My old computer has a 70gb drive with about 47gb of data on it, that I'm transferring to the Win 7 Pro PC.

What's the difference, if I have that on one partition C: or split it with OS on C: and programs and data on D: ?

a c 105 G Storage
February 21, 2010 9:47:02 PM

See items 2,3 and 4 in the 8th post of the thread for speed improvements on the computer.

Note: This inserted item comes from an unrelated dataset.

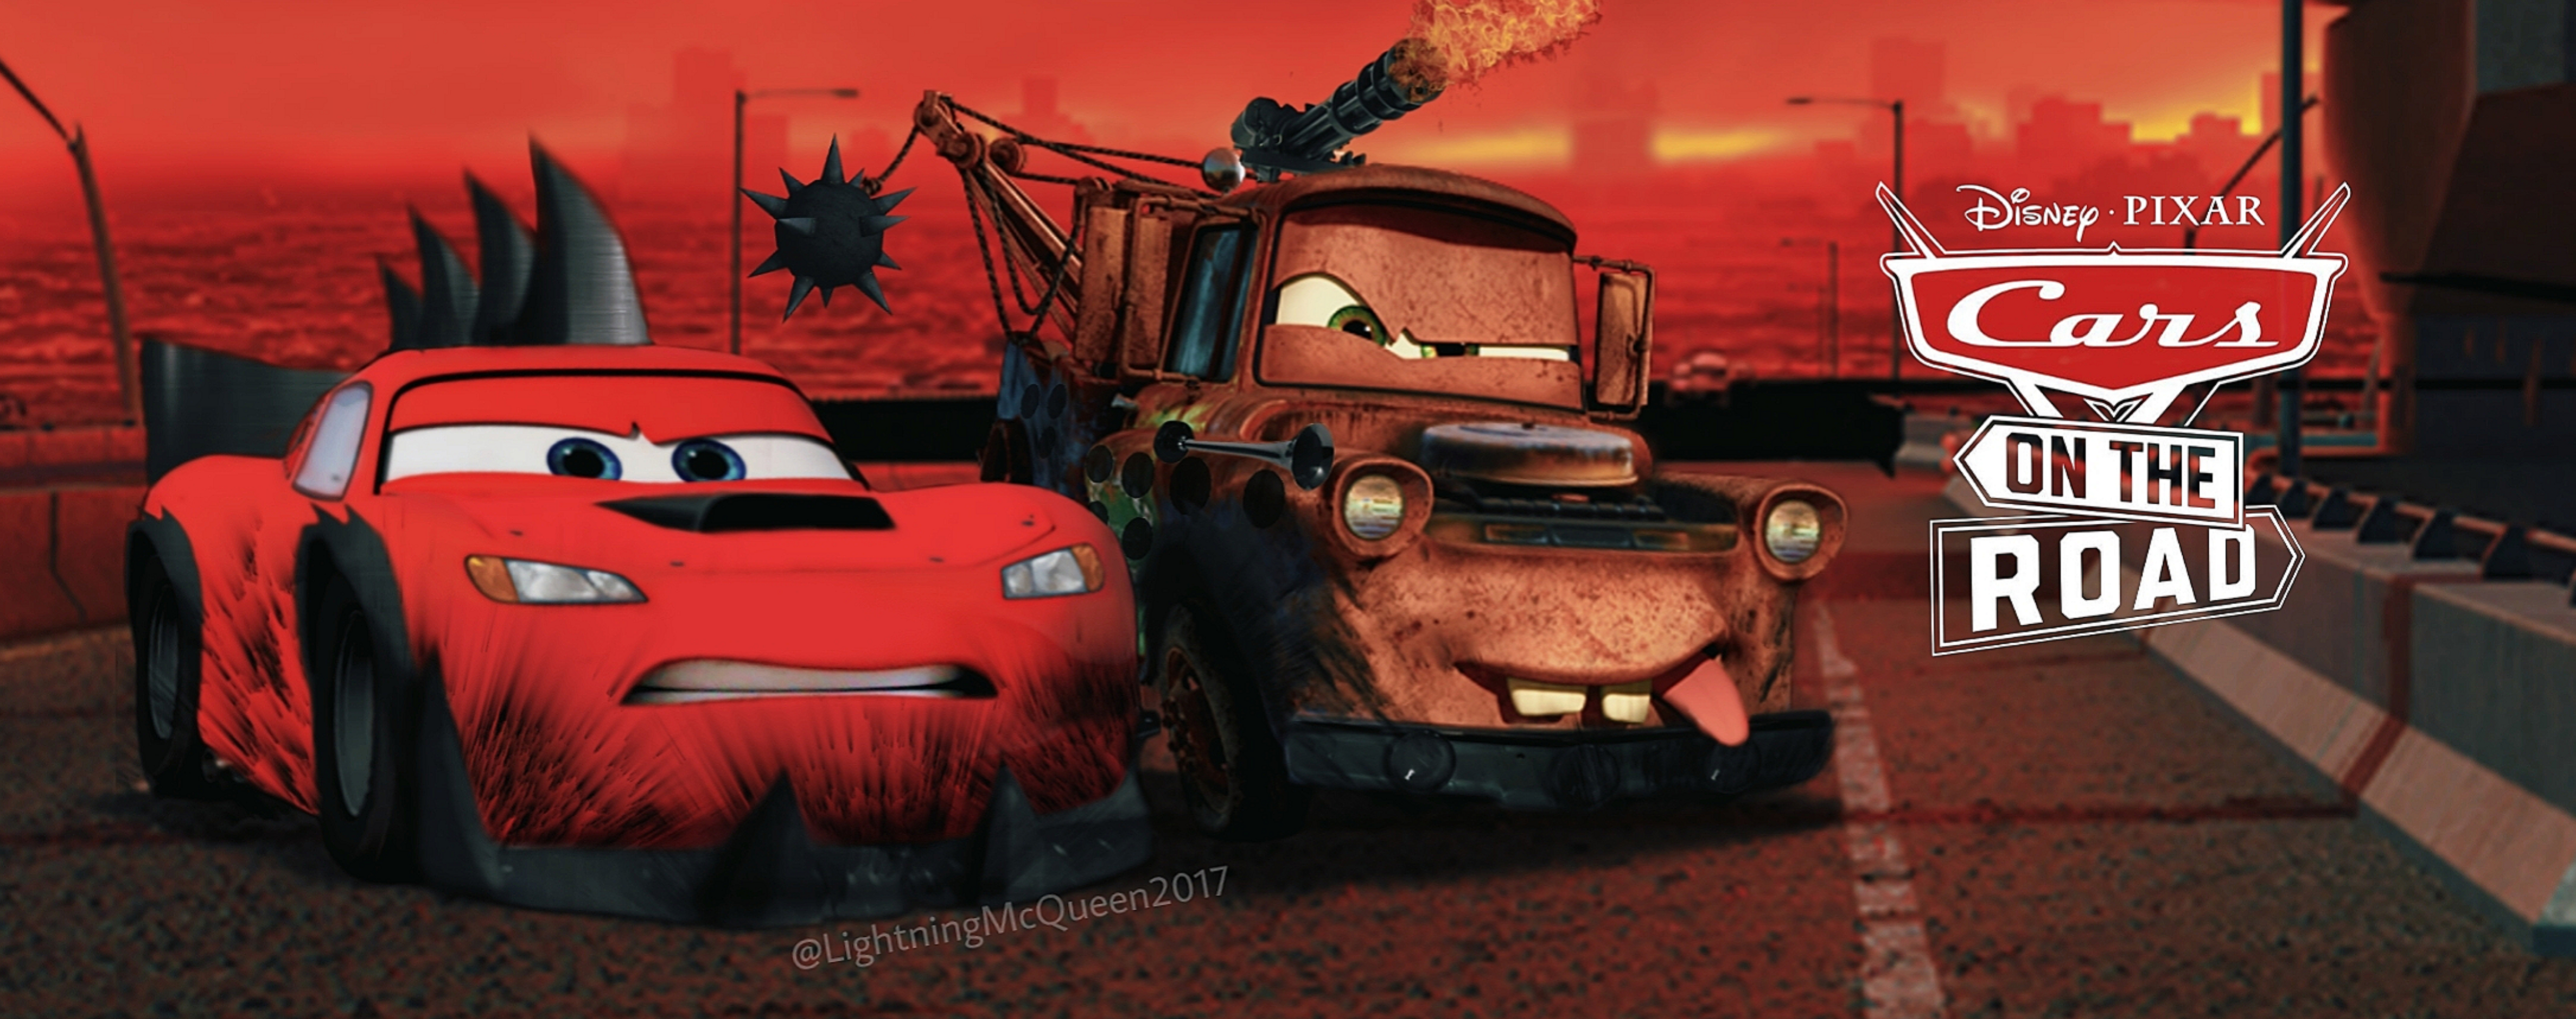 Cars On The Road (Disney Plus Series) Road Warrior by LightningMcQueen2017  on DeviantArt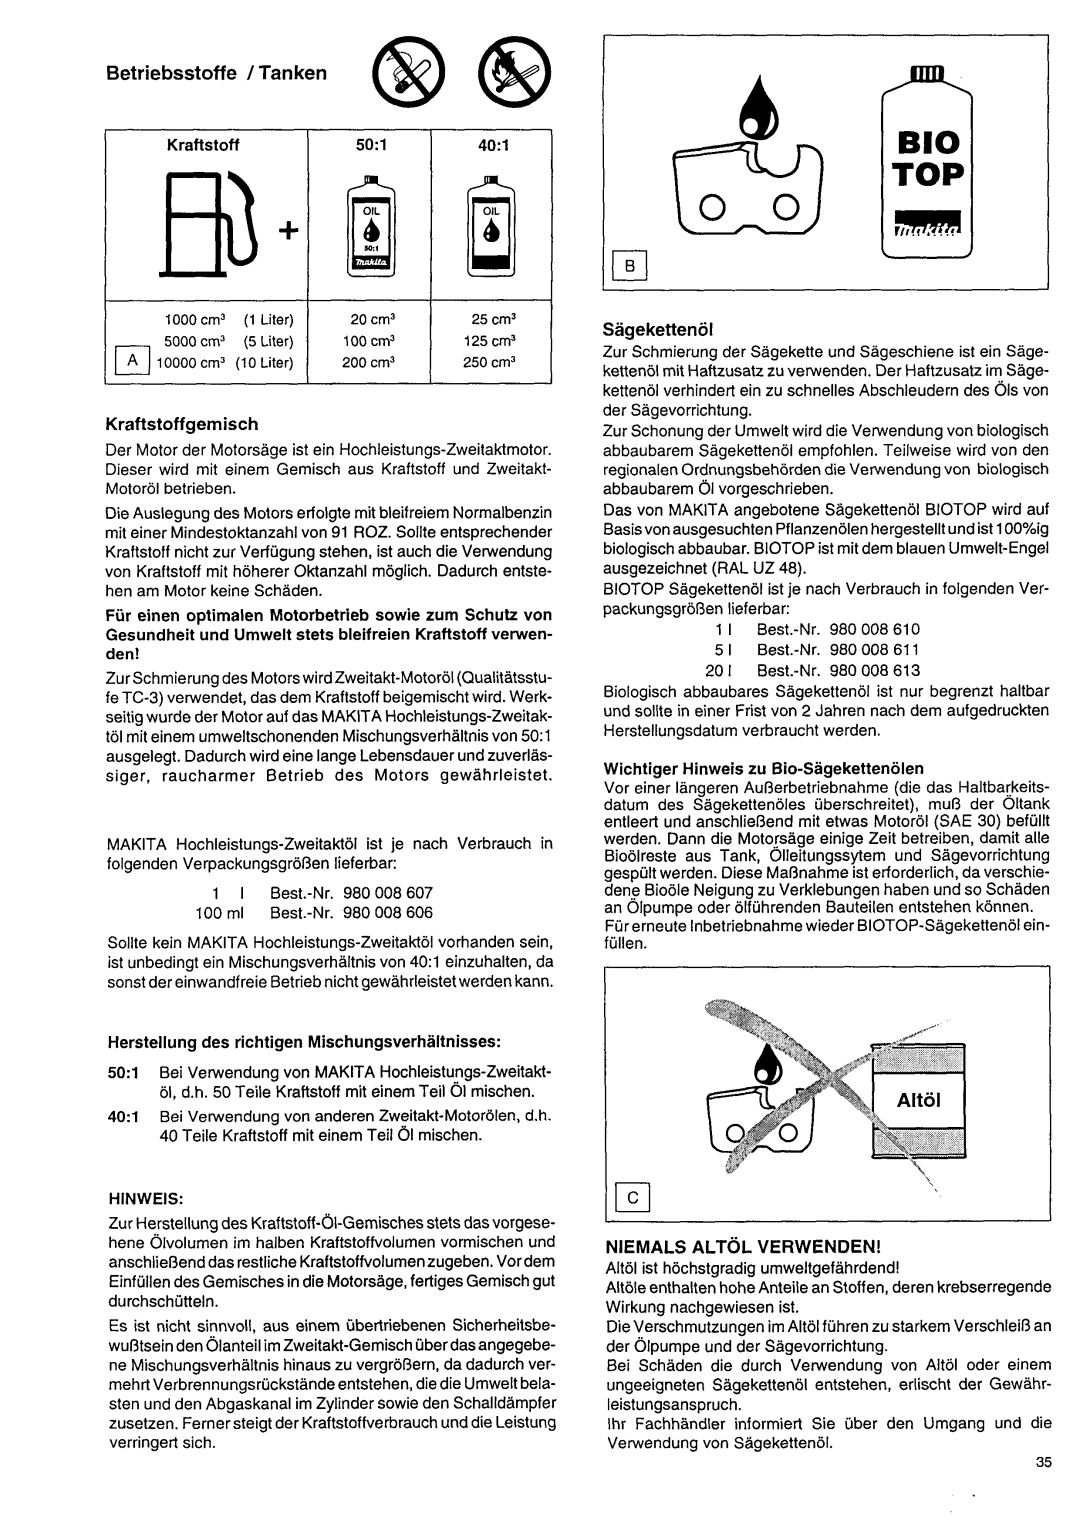 Makita DCS 9000 manual Betriebsstoffe / Tanken @ @, Niemals Altol Verwenden, Sagekettenol, 83.@ fiJ, 20 cm3

See5, 6 and the other 6 :)  for time savers

Just change the C to D if Windoze defaults to C:\

The 1st time you restore a HD (Copy System Image of C to new HD, copy / paste all others from backup.

a c 105 G Storage
February 21, 2010 9:50:45 PM

hmmm...lost 2nd half of sentence and can't edit

The 1st time you restore a HD (Copy System Image of C to new HD, copy / paste all others from backup), you'll relish the ease.

March 3, 2010 11:19:27 PM

Best answer selected by Melissa2008B.
Anonymous
a b G Storage
April 3, 2010 9:04:04 PM

partitioning helps prevent your program files and updates from getting fragmented. you want at least 2, and you can make a really huge fat16 partition on there so as to run your dos and any old windows you need... incidentally, a really huge fat16 partition is 4Gb (and you can shove it down near the bottom, cuz what kinda speed do you need to run 3.1?).